**EXERCISE MATERIAL:**
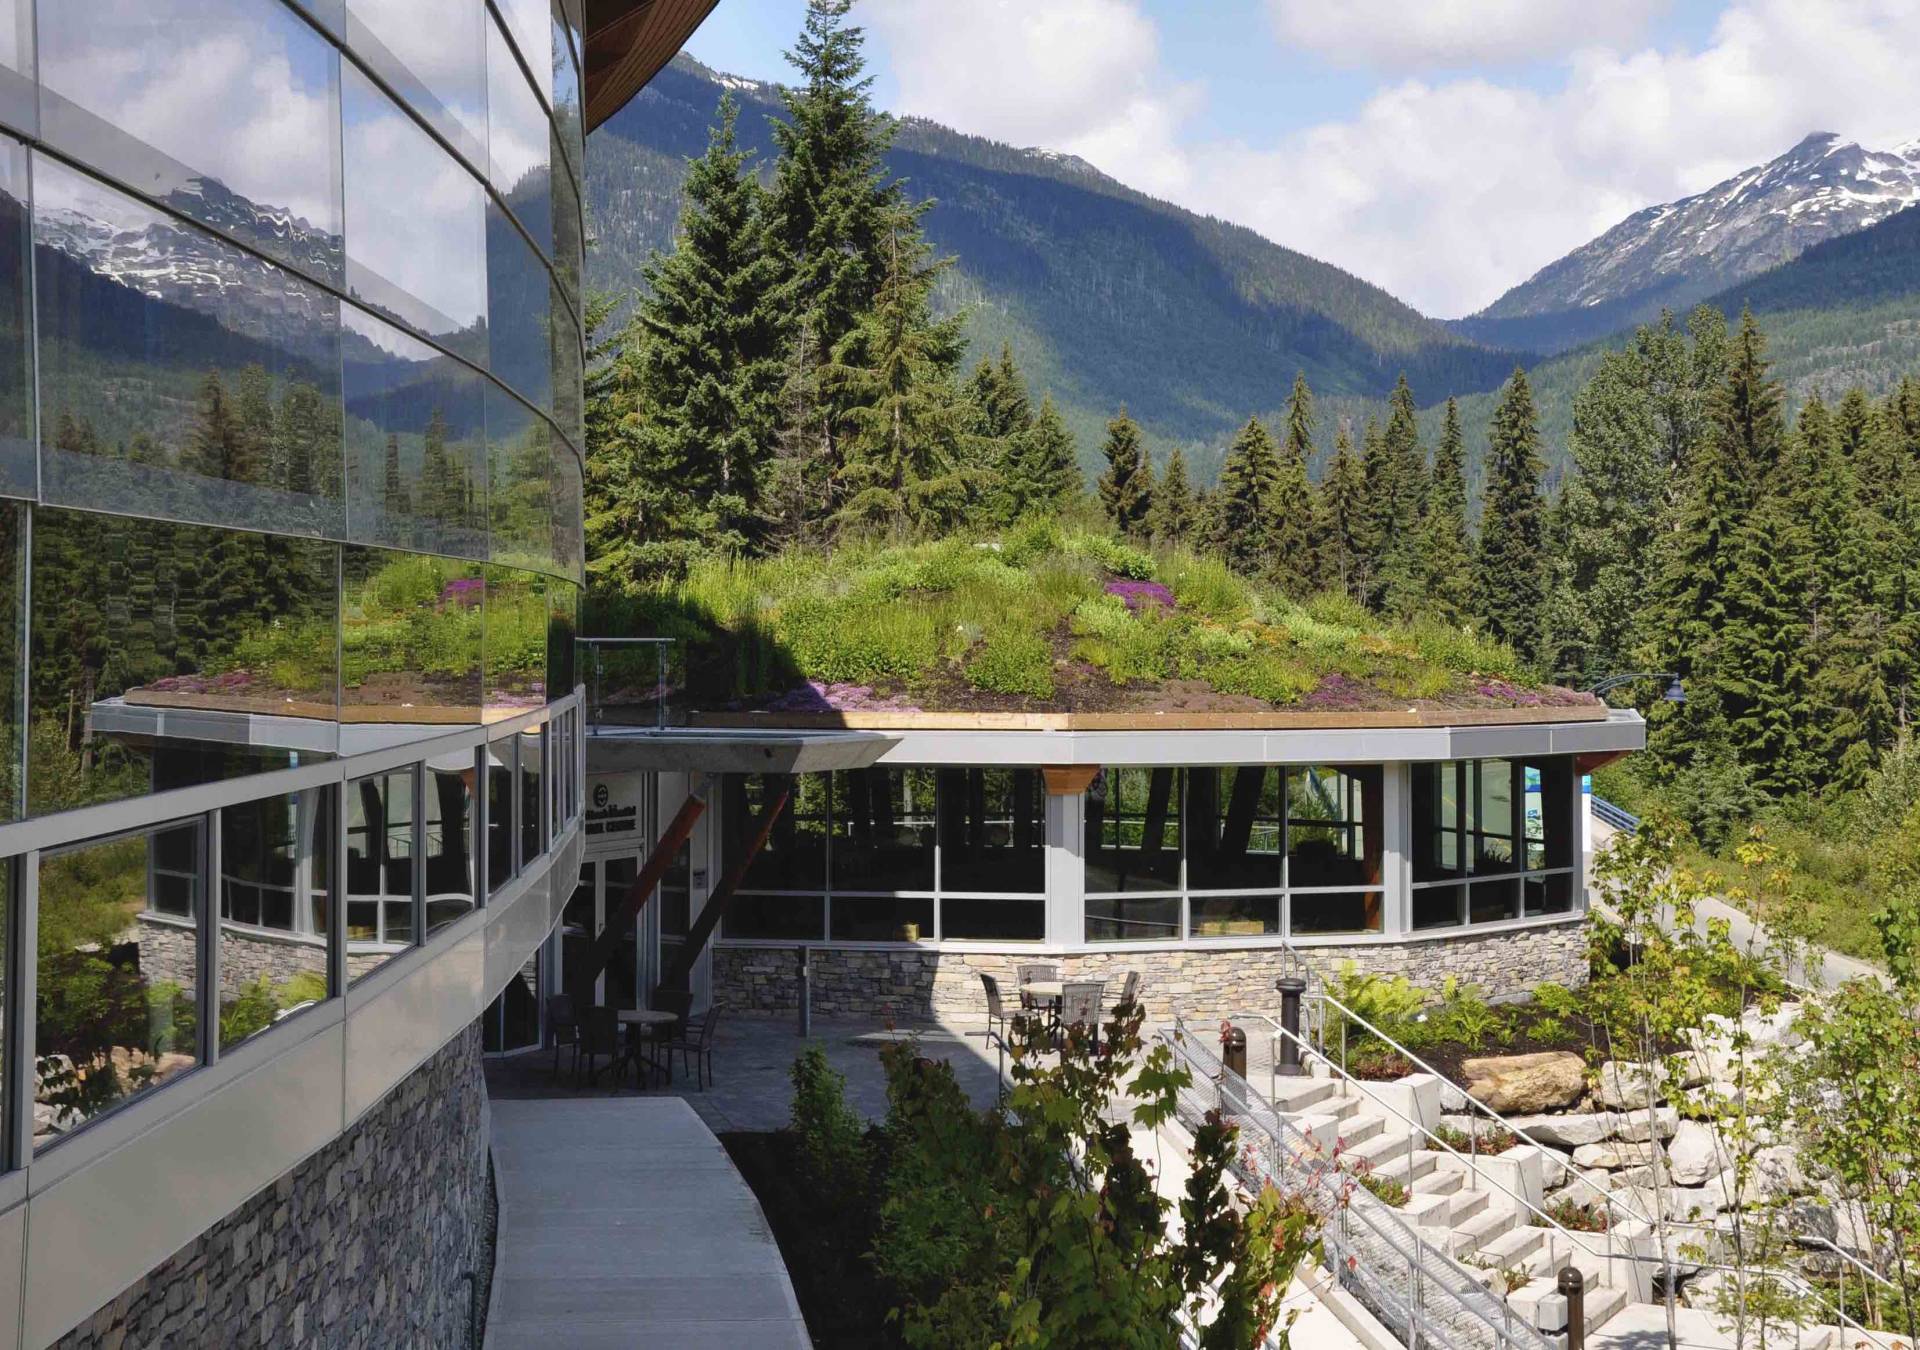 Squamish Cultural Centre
--
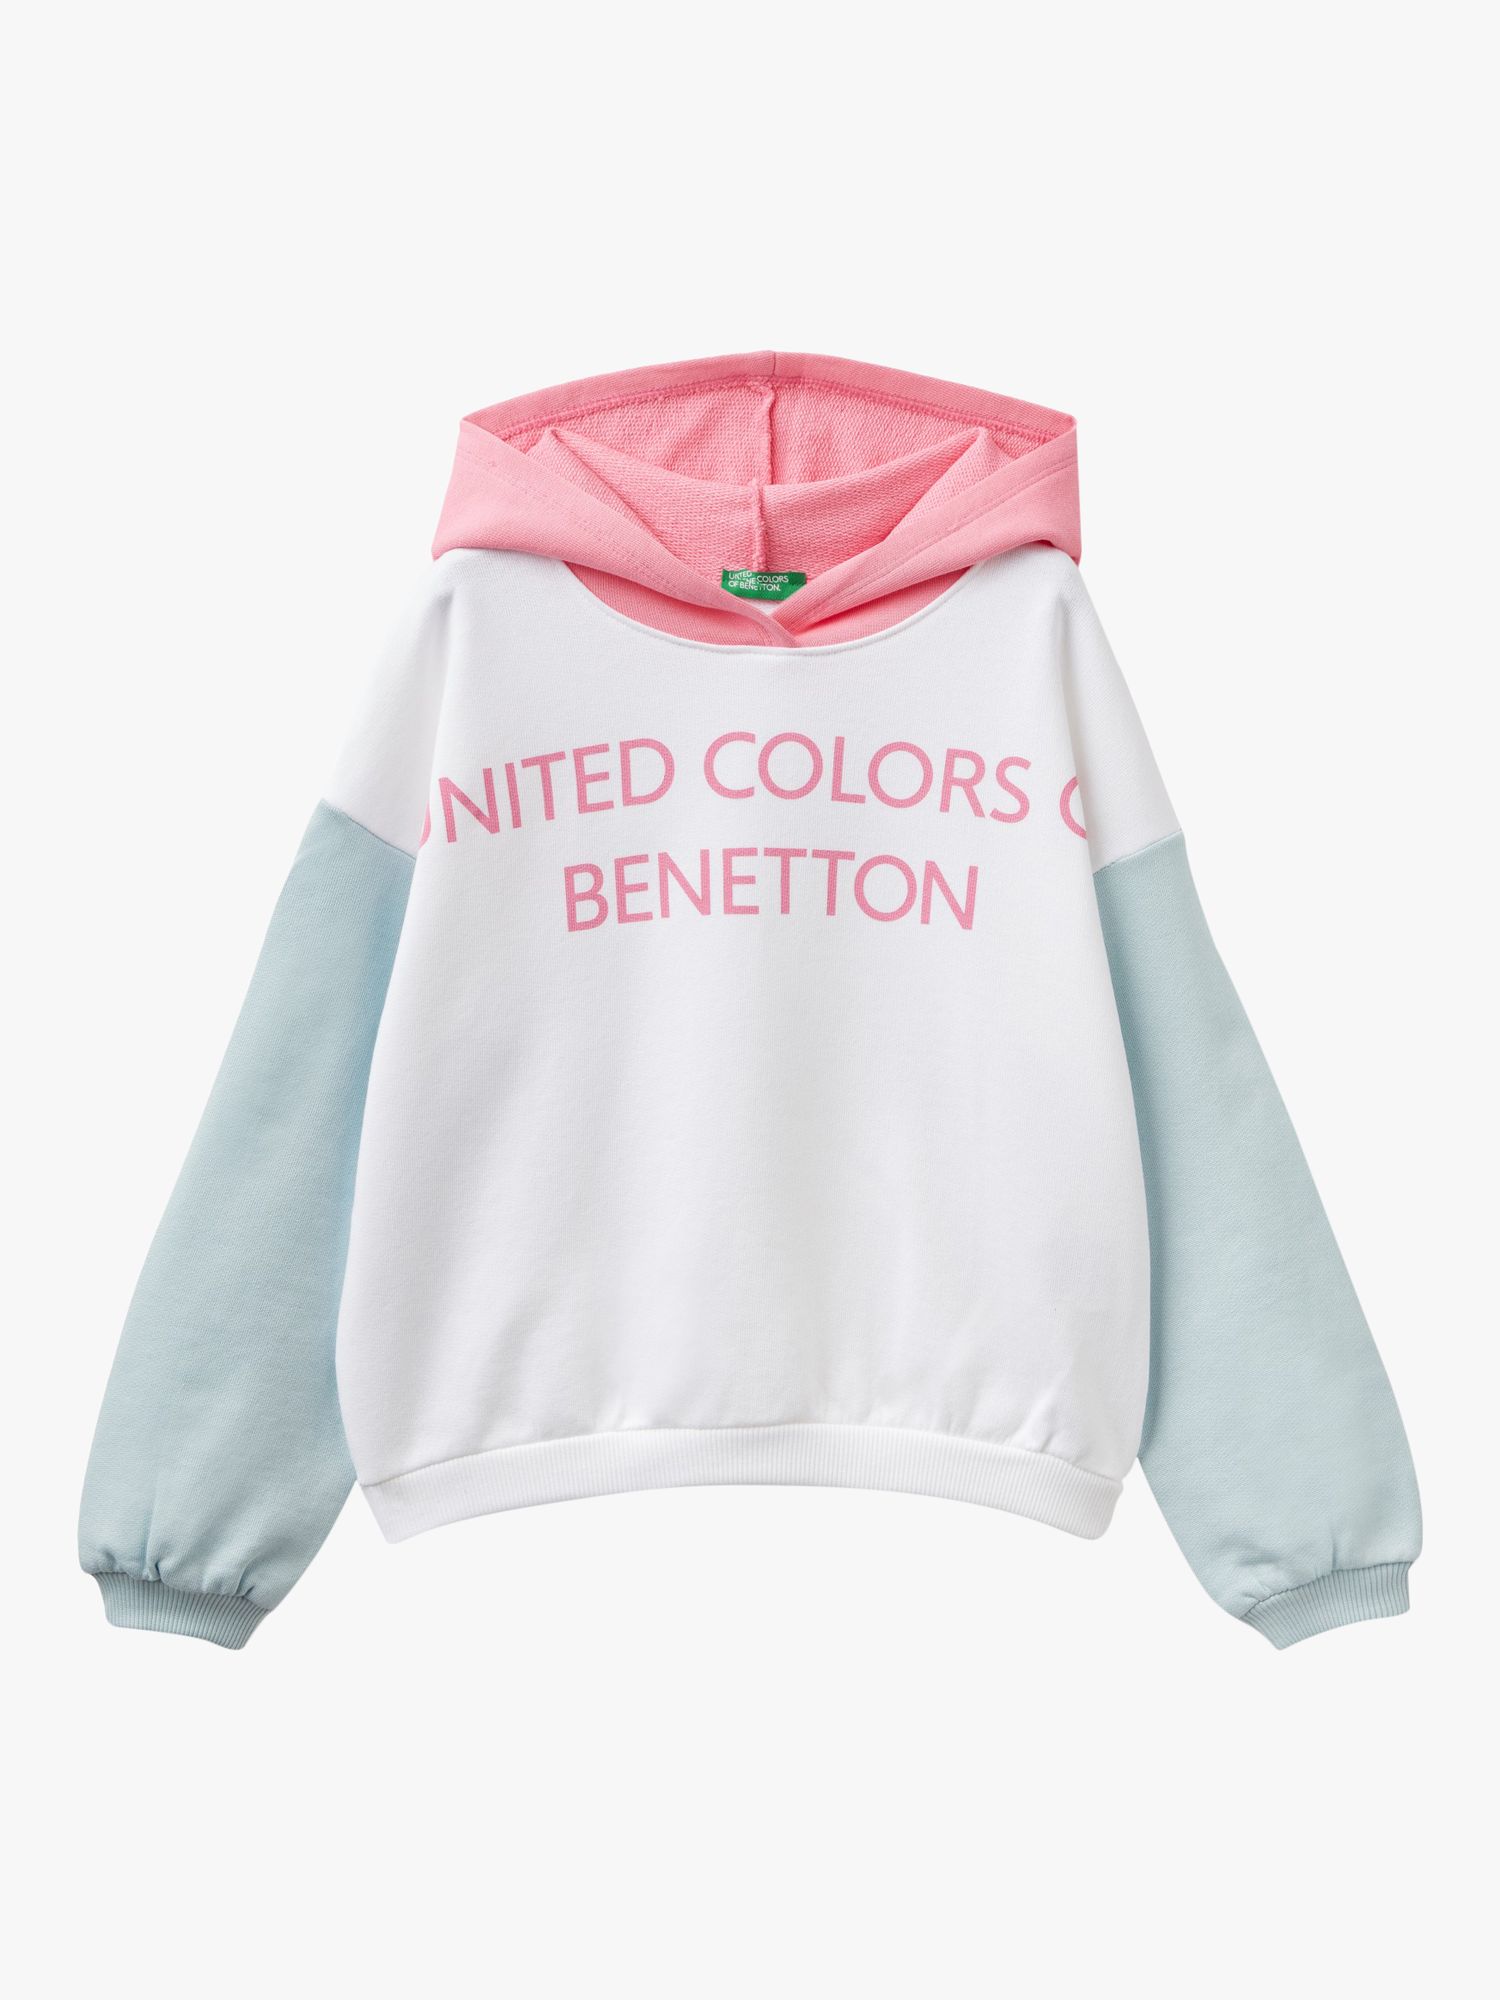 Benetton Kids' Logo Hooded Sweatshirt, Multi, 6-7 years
--
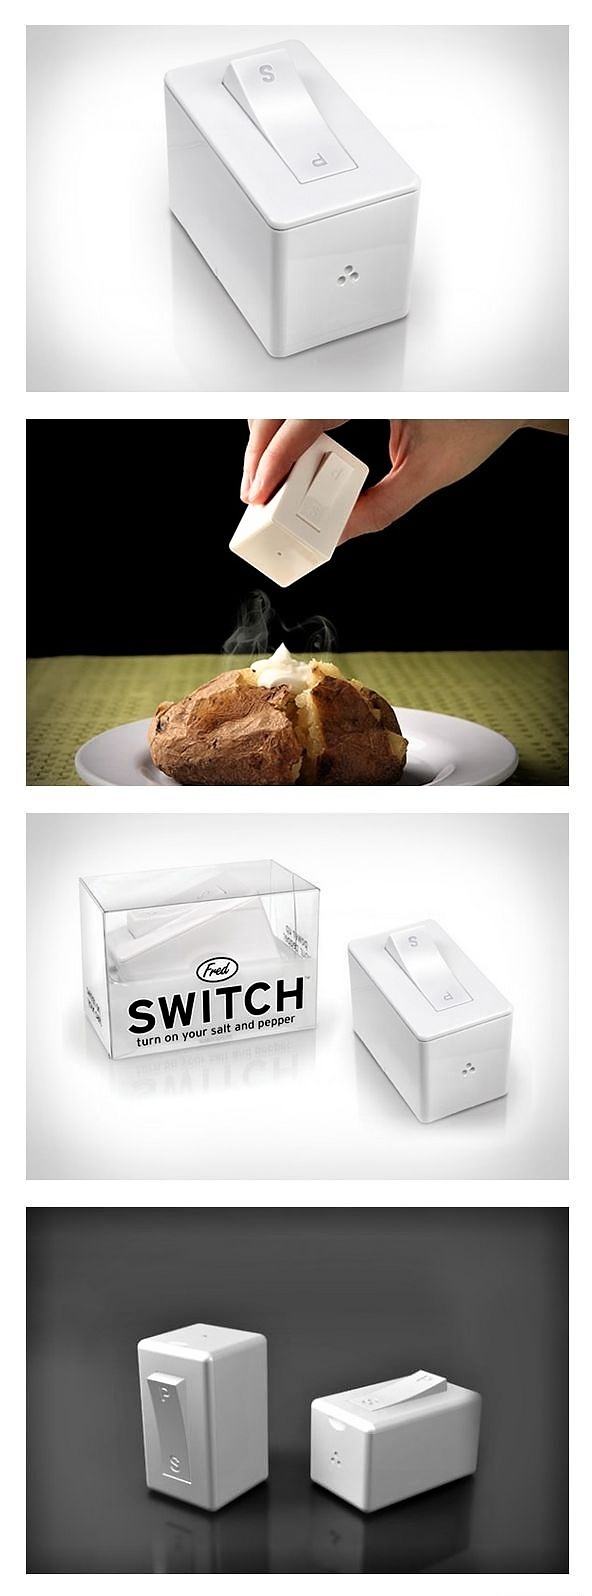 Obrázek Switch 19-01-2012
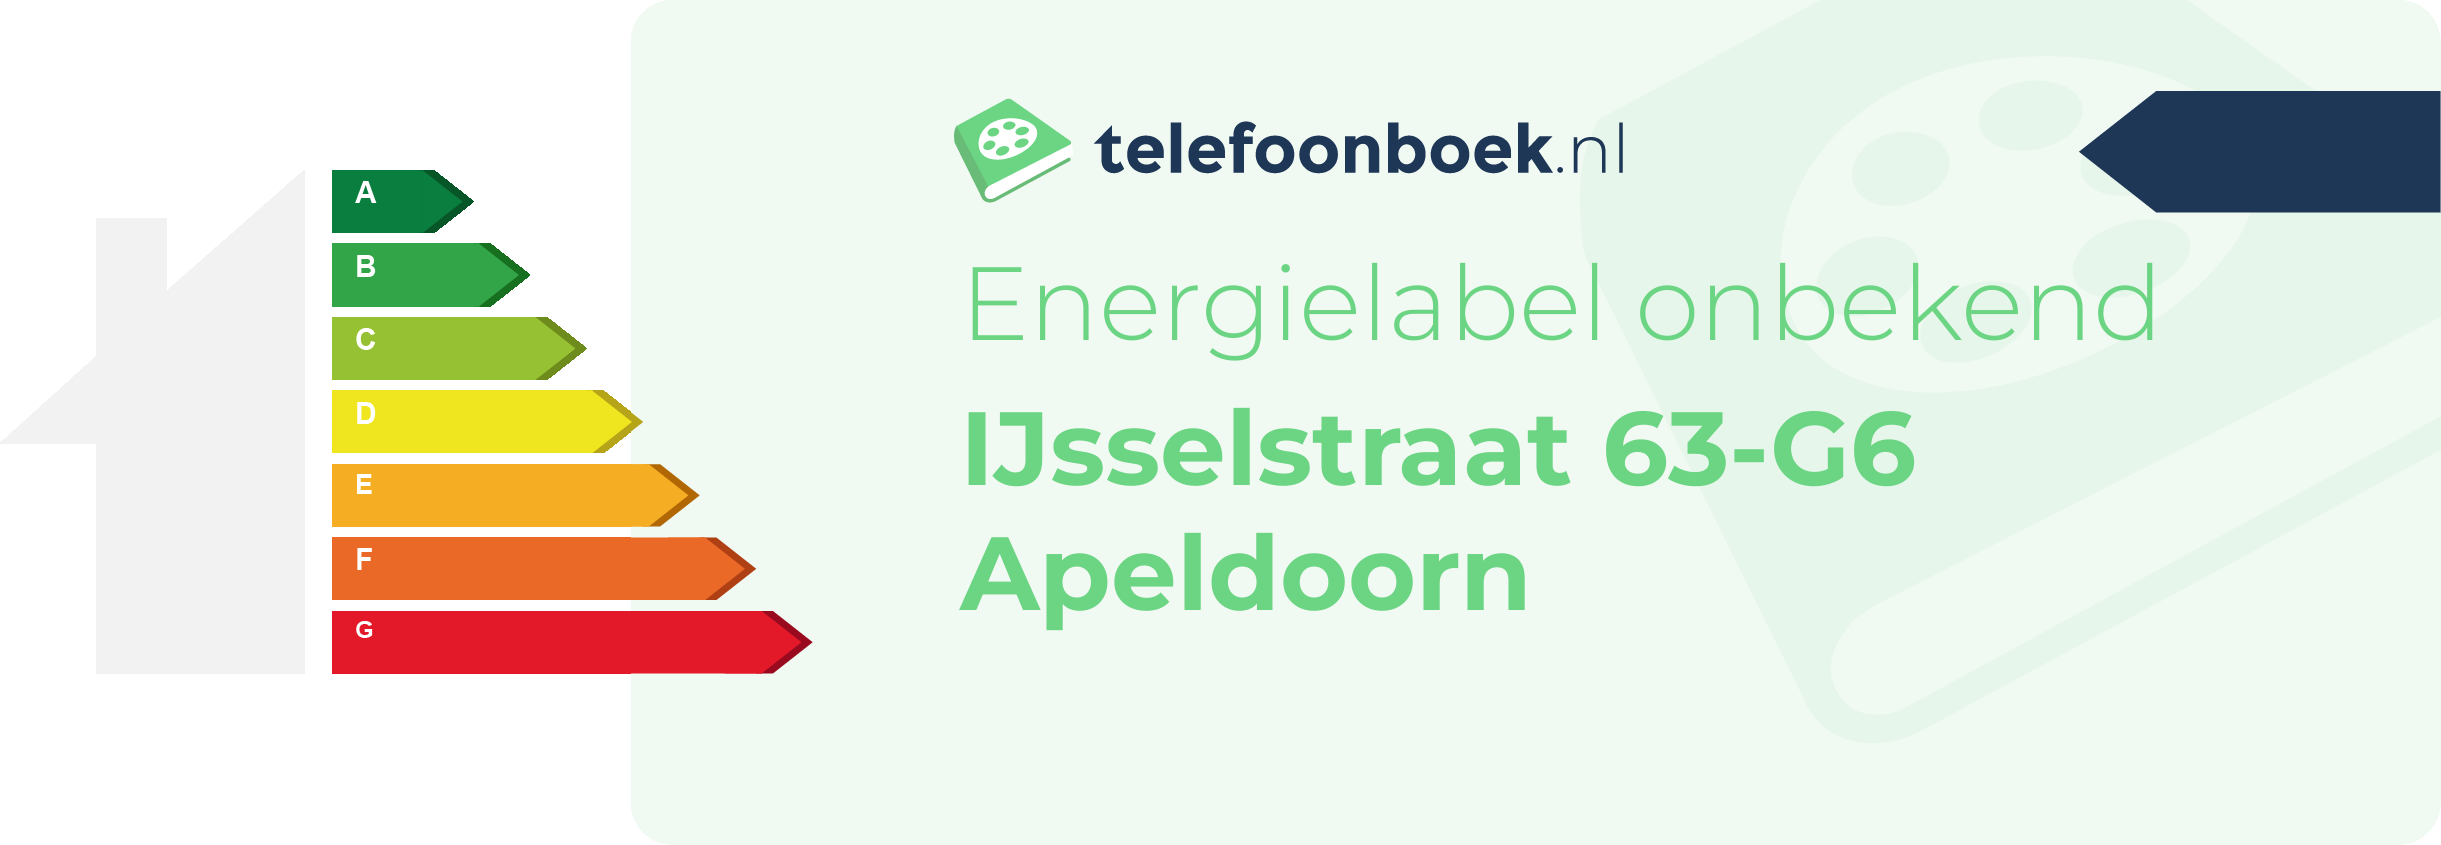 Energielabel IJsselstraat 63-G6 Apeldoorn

**EXERCISE BRIEF:**
Write out exactly the run of lines above that starts at the line containing "Obrázek Switch 19-01-2012" and ends at the line containing "Energielabel IJsselstraat 63-G6 Apeldoorn". Include both, and leave the pictures out.

**SOLUTION TO THE PROBLEM:**
 Obrázek Switch 19-01-2012
 Energielabel IJsselstraat 63-G6 Apeldoorn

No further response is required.